For more info, google: "pears soap, site:soapmakingforum.com"


----------



## SchmyeBubbula (Jan 29, 2018)

^ Thanks for the lead.... Just got back from reading the thread, and it's several years old, and it just says he was making it himself, but nothing about selling it, or no indication of any businesses selling something very close to the original Pears soap.


----------



## Kittish (Jan 29, 2018)

SchmyeBubbula said:


> ^ Thanks for the lead.... Just got back from reading the thread, and it's several years old, and it just says he was making it himself, but nothing about selling it, or no indication of any businesses selling something very close to the original Pears soap.



Have you considered trying to make some yourself?


----------



## SchmyeBubbula (Jan 29, 2018)

^ I never made soap before. I just joined this forum today when what I received yesterday from Amazon was not the original to which I had become accustomed. (I had bought dozens of bars in bulk decades ago and only last week ran out.) What a rude awakening! So I've been desperately googling around looking for a reasonable facsimile for sale elsewhere. I really don't want to make soap; I want to buy it. I was hoping that someone here had found a good recipe, and would sell me some, or knows a business that sells something acceptable.


----------



## Zany_in_CO (Feb 1, 2018)

SchmyeBubbula;684658 said:
			
		

> ^ I never made soap before. I just joined this forum today when what I received yesterday from Amazon was not the original to which I had become accustomed. (I had bought dozens of bars in bulk decades ago and only last week ran out.)

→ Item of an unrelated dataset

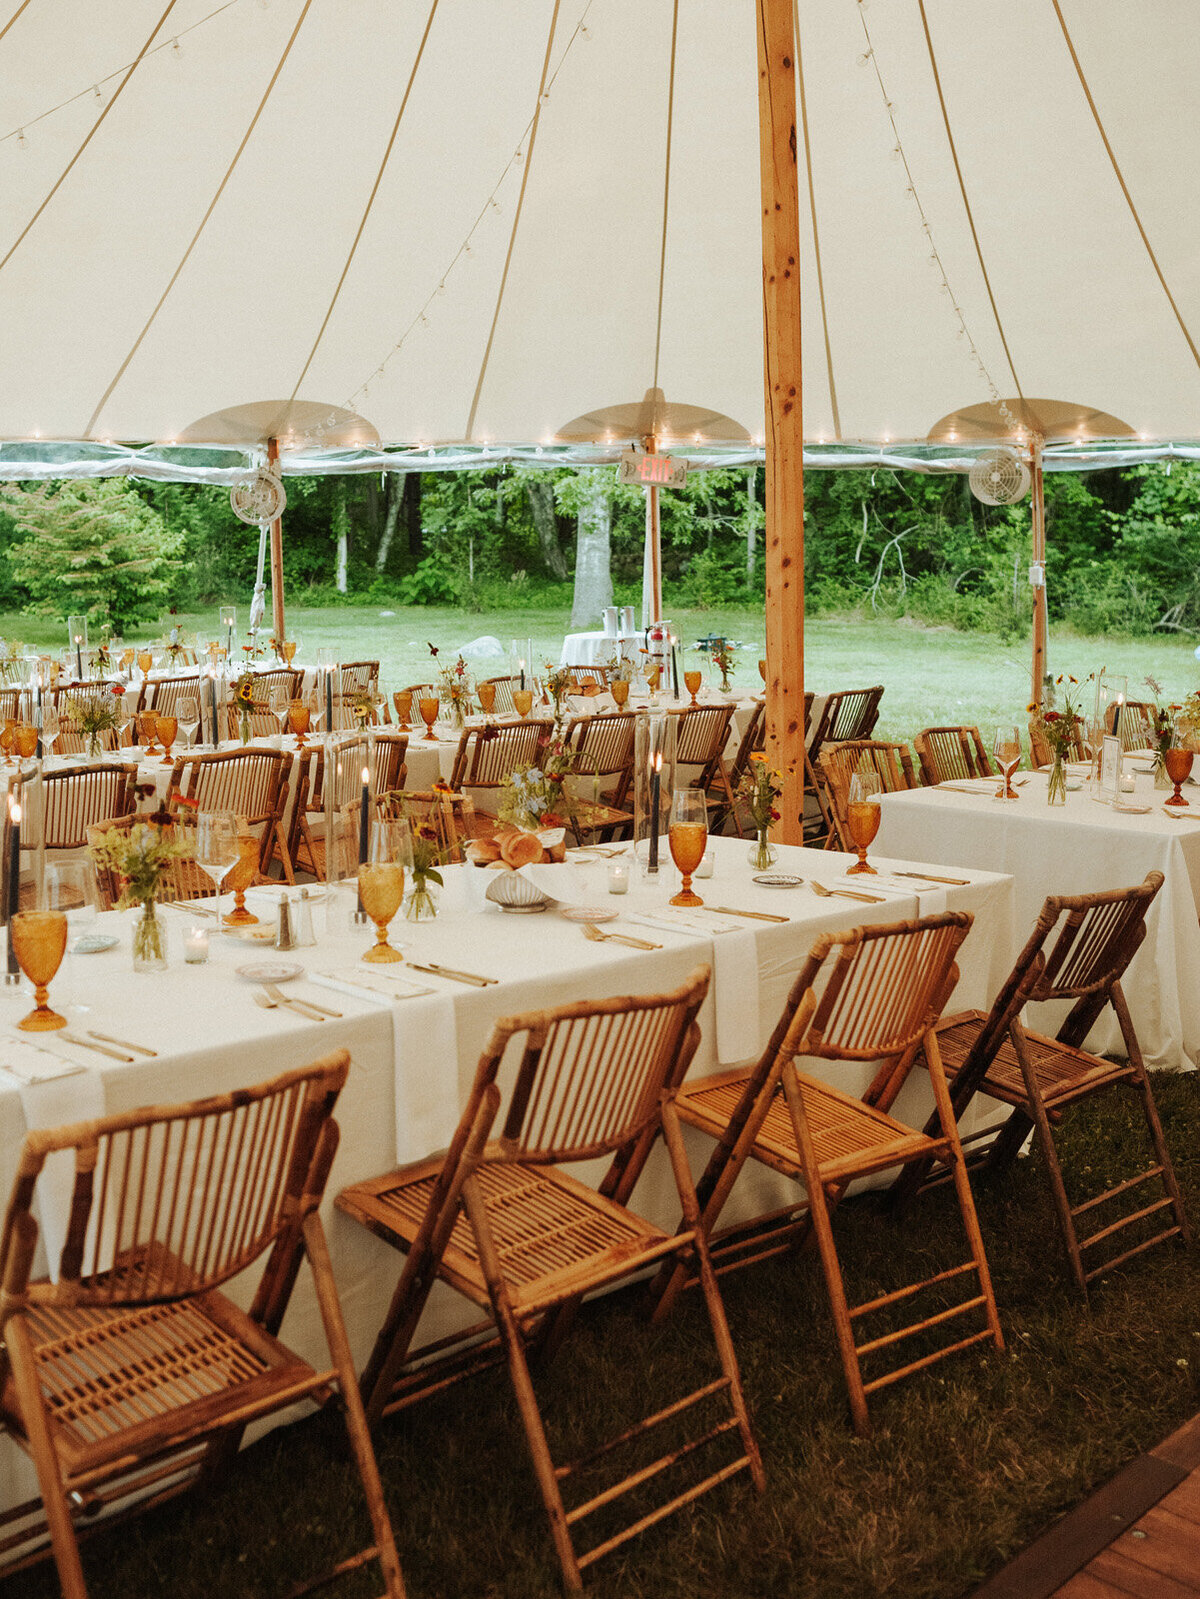 Kate-Murtaugh-Events-bamboo-chairs-backyard-wedding

WOW, you certainly were smart to buy so much of it when it was available. If you don't mind my asking, how long ago did you last purchase it?


			
				SchmyeBubbula;684658 said:
			
		

> What a rude awakening! So I've been desperately googling around looking for a reasonable facsimile for sale elsewhere.


Been there, done that! LOL Sorry to say, the original Pears soap is no longer available. Vermont Country Store carries soaps of days gone by, but when I checked, they have it, but it looks to be the glycerin type you can find at the the dollar store for, yes, $1! I bought 3 bars... "What a rude awakening!" pretty much covers my reaction, and disappointment as well.


			
				SchmyeBubbula;684658 said:
			
		

> I really don't want to make soap; I want to buy it. I was hoping that someone here had found a good recipe, and would sell me some, or knows a business that sells something acceptable.


Even if someone here was willing to take the time & trouble to make the original from scratch it would be expensive to make, labor & time intensive, and take (minimum) 3 months to cure. Even longer for a long-lasting bar. I'm just sayin'...


----------